Сене скучно, Сеня тихонечко роет к морю от дедушки канал отводной. Роет, попой в песке перепачканной пятится. Глубже, глубже, непослушный Сеня в море заходит, совочком с морем сражается, а оно у них здесь прозрачное, Египтян­ское, иноземное, долго-плоское, как Анапское, рыбки-то…

— У тете! У-у тете! …

Бульк — и нет.

Говорил же Сене дедушка, что нельзя. За непослушание сам Господь в потоп непослушное истребил. А кто выжили? — Только послушные.

Так вот Сеня наш утонул.



* * *

Коля гвоздик взял, взял второй, зажал между пальчиков, рожками выпятил острейки, и к розетке тянется, улыбается, гукает… Слава богу, мать на кухню вошла, увидела, да как треснет кретина проклятого по руке: — Будешь так еще? Будешь мне еще?! Паразит такой… паразитина, паразит! Коля молча глазами лупает, гвоздики по полу катятся. Кот глядит, лапой трогает. Дальше катится гвоздь. Коля видел, как лампочка, если вставят в розетку такие гвоздики, загорается. Подождет, когда мама на работу уйдет.



* * *

Домик строит Николай Николаевич с дедушкой, из коробки стены картонные. Дверь у них уже открывается, тут ступенечки, тут крыльцо. Из фольги ведро сделали, взяли даже лоскут у бабушки, занавеску повесили на окно. Николай Николаевич в восторге от домика — как живой!
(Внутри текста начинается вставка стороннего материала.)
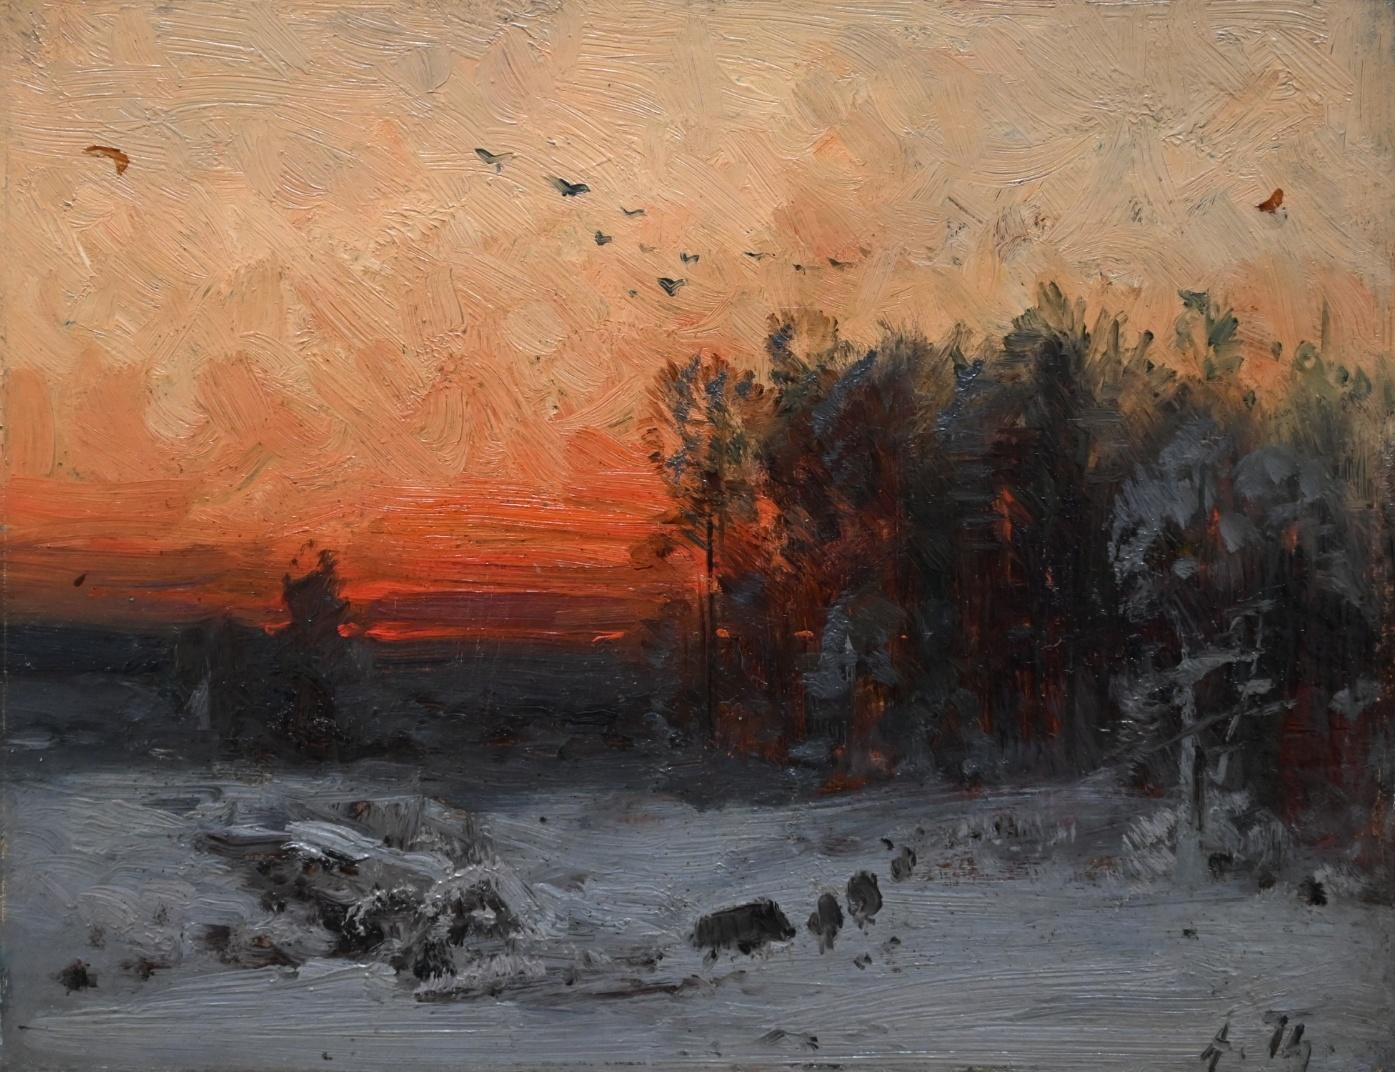 Arthur Thiele (1841 - 1919) » Öl-Gemälde Impressionismus Winter Wald Landschaft

Стоит дом на полянке под солнышком, Бабин дом большой, а под ним Колин собственный, только склеенный, поселились в нем человечки картонные, на грузовике с чемоданами от песочной кучи приехали. Это — бабушка, это дедушка, это Николай Алексеевич. Это — кот.

— Теперь сбегай, спички там у бабушки в ящике, знаешь где? Принеси…

Говорила Николай Николаичу бабушка: «спички мне смотри не бери, не балуйся… накажу!» — Почему, объяснять нету времени, стирка-дом-огород, спички прятала в верхнем ящике. Плохо прятала, стул же есть.

Горит домик картонный, как настоящий, но маленький, в нем картонные бабушка с дедушкой, Коля, кот...

— Это что творите-то, изверги? Ты зачем ему спички-то?! Ты чему его учишь-то?!. Сам дурной, и дитя с собой?!

Николай Николаевич смотрит внимательно. Достает из кармана шортиков спички страшные, дает бабушке:

— Не иглай.



Не возьми

«Возьми сына твоего, единственного твоего, которого ты любишь (…) и принеси его во всесожжение, на одной из гор о какой Я скажу тебе». 22:2


Жили-были муж да жена, а детей у них не было. И она называла «сыночкой» их кота. Жалко было ее, конечно же, но чего ж тут поделаешь? — «Бог не дал», как обычно в этих случаях говорят.

Но тот муж хорошо зарабатывал, и решили пройти обследование, по нему выходило Бог детей не дал ему одному. ЭКО сделали — выкидыш. Еще сделали — снова выкидыш. К ведунице какой-то ездили (чушь собачая, надувательство), в монастырь. Там, конечно, жил в мирских делах помогающий (с Божьей помощью) Батюшка, наложил епитимию и сказал, что будет дано. После этого снова подсадку сделали. И пришло!

Он, конечно, ни в какого Бога не веровал, люди это ЭКО придумали (с Божьей помощью? — пусть хоть так) — но вот все-таки, виж ты как…

Взял на руки конверт с наследником — ошалел. Такой ясной неведомой радостью, нежностью, благодарностью повело… Вот же, вот она, жизнь-то вечная, его часть, и часть от части ее… На ступенях, когда сносил дитя из парадного, он споткнулся, сердце ужасом замерло.

Сын растет, а отец в каждый чих его беспокоится, вызывает на сопли бригады спасателей, только с тем по бизнесу пошло вкривь; давит бизнес проклятая конкуренция, либо бизнес тут, либо сын. А тот сын заболел действительно. Доктора объявили свое «за любые деньги» бессилие. Объявили и наши, и заграничные. И жена с инсультом попала в реанимацию, и в реанимации сын.

У реанимации жениной он сидит, сам с собой говорит: «Если сына спасешь, я уверую, что ты есть».

И поправился сын, а жена умерла, к сожалению.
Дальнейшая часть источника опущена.